Here are some strategies to mitigate the issue:

Key Points:

  1. IAM as Primary Control: BigQuery primarily uses Identity and Access Management (IAM) for permission handling. Users require appropriate IAM roles to create and modify tables within a dataset. This is the primary method for controlling access.

  2. Metadata, Not Enforcement: While you can add "owner" metadata during table creation, this alone doesn't prevent someone with broader permissions from overwriting the table. Metadata serves for informational purposes rather than active enforcement.

Mitigation Strategies:

  1. Granular Permissions and User-specific Views:

    • Custom IAM Roles: Create roles that allow users to execute queries and create tables, but restrict data updates to tables where they meet specific metadata conditions (e.g., an "owner" column).
    • User-specific Views: Implement views filtering tables based on "owner" metadata. This adds a layer of protection, though it may not be foolproof for users with broader dataset permissions.
  2. Templated Queries and Stored Procedures:

    • Query Templates: Provide templates that include user identifiers in an "owner" column, relying on user adherence.
    • Stored Procedures: Use stored procedures to encapsulate table creation logic, enforce ownership tracking, and check permissions.
  3. External Workflow Management Tools:

    • Implement tools or systems for data orchestration to centrally manage table creation and modification, enforcing ownership and permission rules.

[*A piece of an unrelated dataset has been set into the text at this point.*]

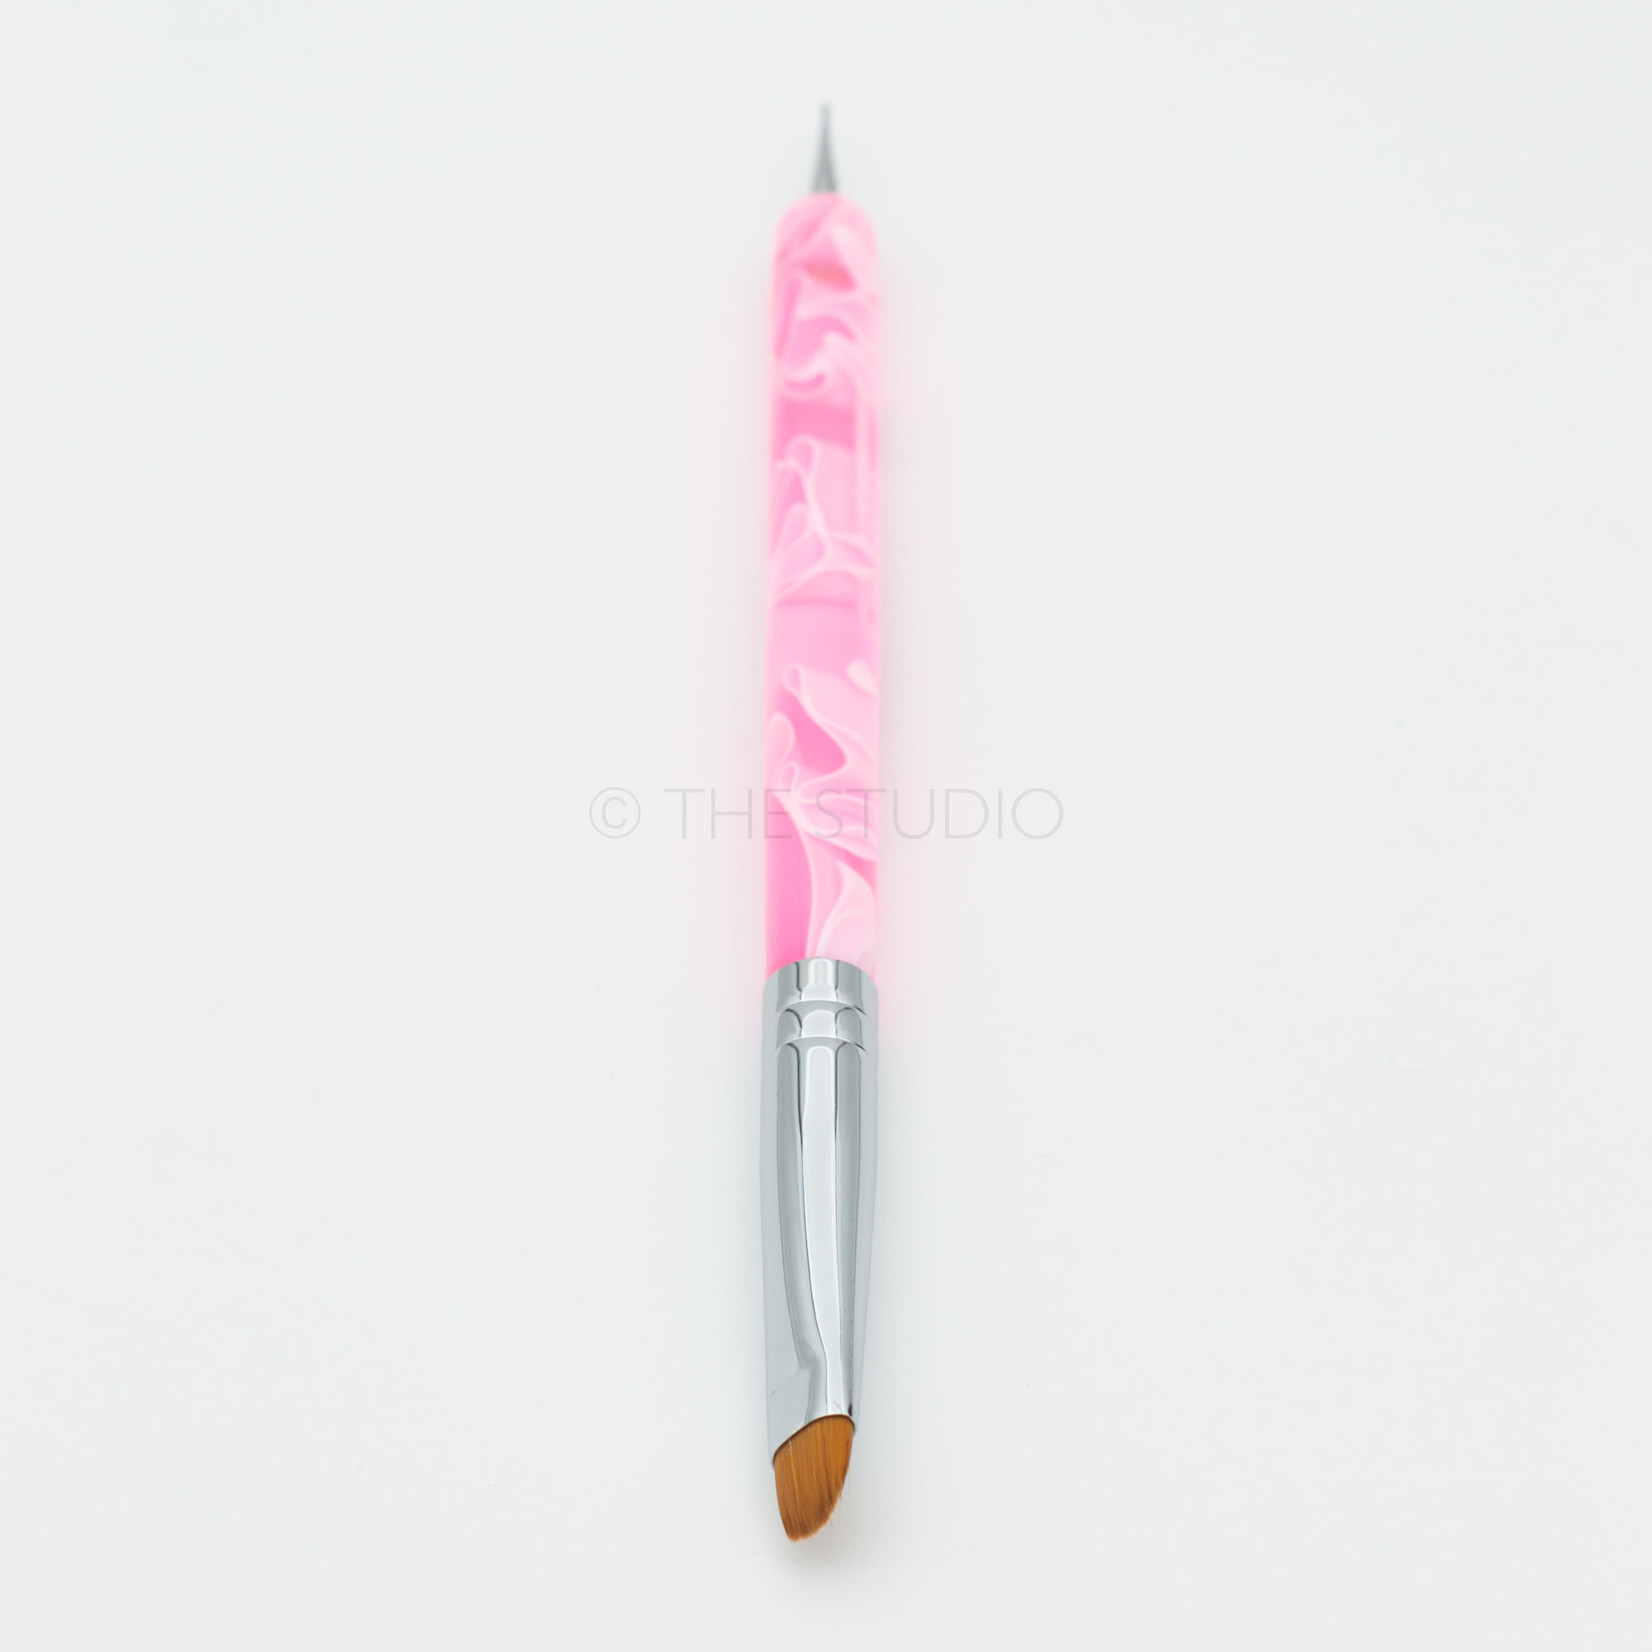 Cre8tion Cre8tion - French Brush w/ Dotting Tool - #10 Pink - 12125

Additional Considerations:

  • Audit and Monitoring: Implement audit logging and monitoring to track and address unauthorized changes.
  • Data Governance Policies: Establish and enforce clear data governance policies, educating users on responsible data handling.
  • Regular Policy Review: Continuously review and update IAM policies, stored procedures, and templates to align with changing security needs and organizational policies.
  • Testing and Validation: Thoroughly test custom IAM roles and stored procedures to ensure they function as intended without disrupting operations.

While BigQuery doesn't support native query-level ownership enforcement, a combination of IAM roles, metadata management, templated queries, stored procedures, and external workflow tools can provide a structured approach to managing table access and modifications. It's crucial to support these technical measures with strong data governance, regular policy reviews, and user education to maintain data security and integrity in BigQuery.